Paradigm Biopharmaceuticals Ltd’s (ASX:PAR) (OTCMKTS:PBIGF) submitted responses to the US Food and Drug Administration (FDA) regarding questions on its Investigational New Drug (IND) application have been received. In preparing its response, Paradigm consulted with multiple experts, including a US board-certified pre-clinical toxicologist and a senior former FDA physician to review the document and ensure the document contains sufficient information to be completely responsive to the questions raised by the agency. Paradigm believes the input from these experts increase the likelihood that its response will meet the FDA requirements to be considered complete and sufficient for proceeding. The FDA will now review Paradigm’s responses over the next statutory 30-day period within which they are required to respond. Paradigm will notify the market once it has been notified of an outcome by the FDA. Diligent review process PAR chief medical officer Dr Donna Skerrett said the company responded to the FDA’s questions following diligent reviews with its internal team and consultants.
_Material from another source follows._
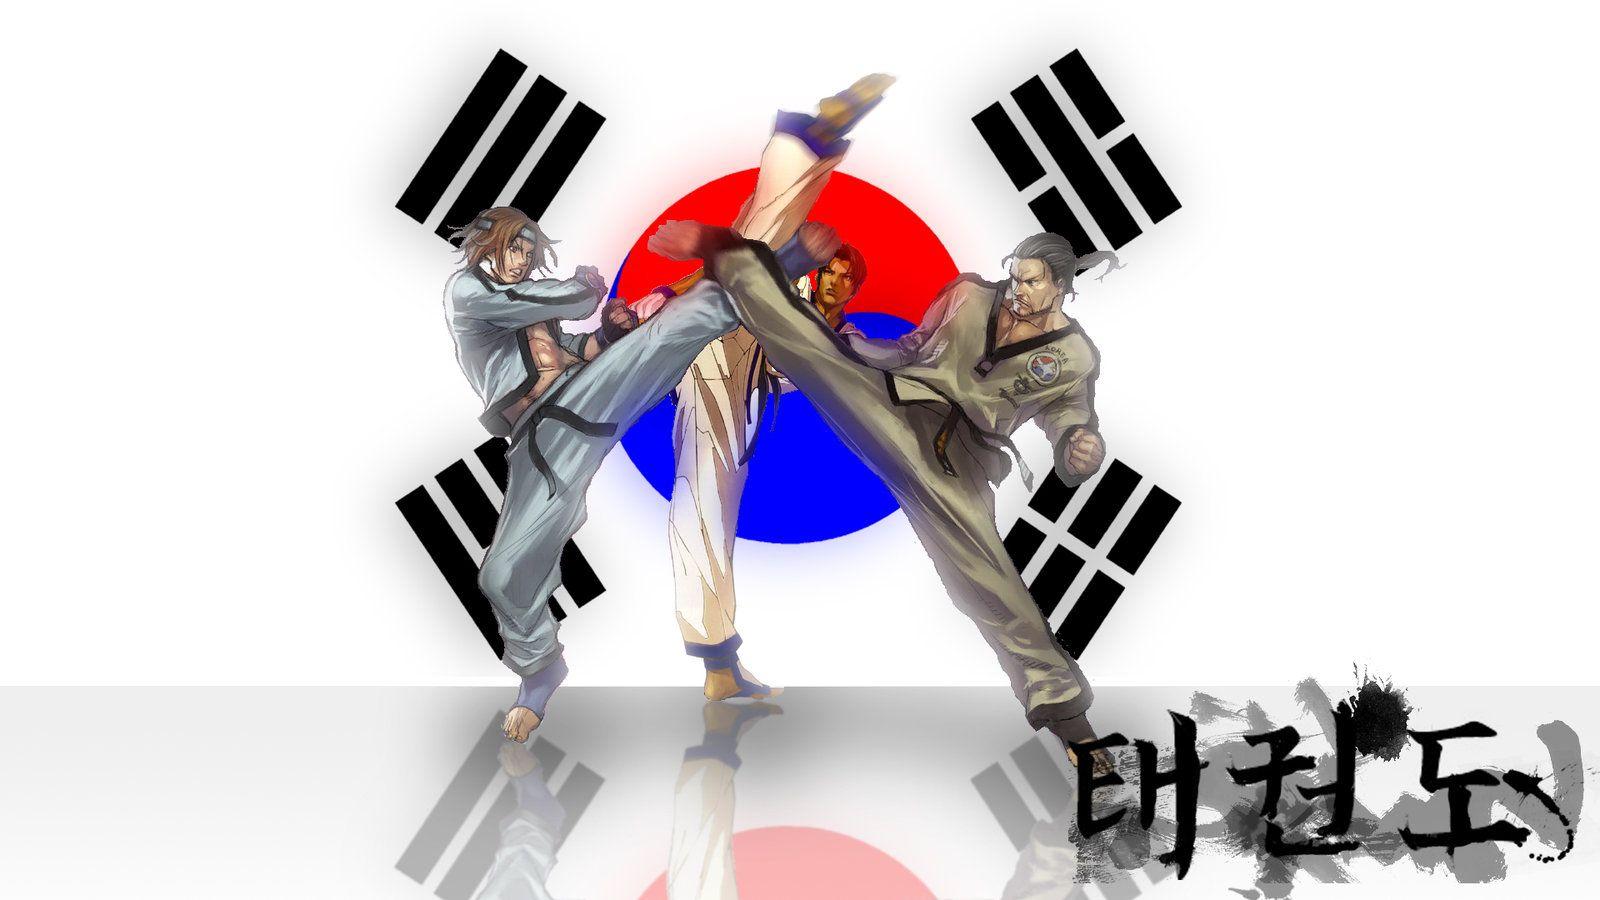 Taekwondo Images - Free Download on Freepik

She added: “We believe these responses are sufficient to assure the agency the program is supported by non-clinical and clinical data and that the objectives, rationale, and study design will aim to demonstrate the safety and effectiveness of PPS for patients with painful osteoarthritis of the knee. “There is a clear unmet need for patients who have not had adequate responses to initial therapy for knee OA and have ongoing pain. “Prior experience with PPS in clinical and non-clinical settings has demonstrated the potential to address this unmet need." Progressing clinical studies Paradigm chief executive officer Paul Rennie said: “I would like to highlight that Paradigm, during the self-imposed 30-day response time to the FDA questions, has progressed pre-clinical studies in two new indications of acute respiratory distress syndrome (ARDS) and heart failure at study centres in Australia and Europe, respectively. “As recently announced, the orphan drug indication of MPS VI has received regulatory and ethics approval in Brazil for its Phase 2 clinical trial. “Paradigm continues to execute on its disease-modifying osteoarthritis clinical trial PARA_008. “The company has also filed two new patents over the use of PPS in new clinical indications with high unmet clinical needs.”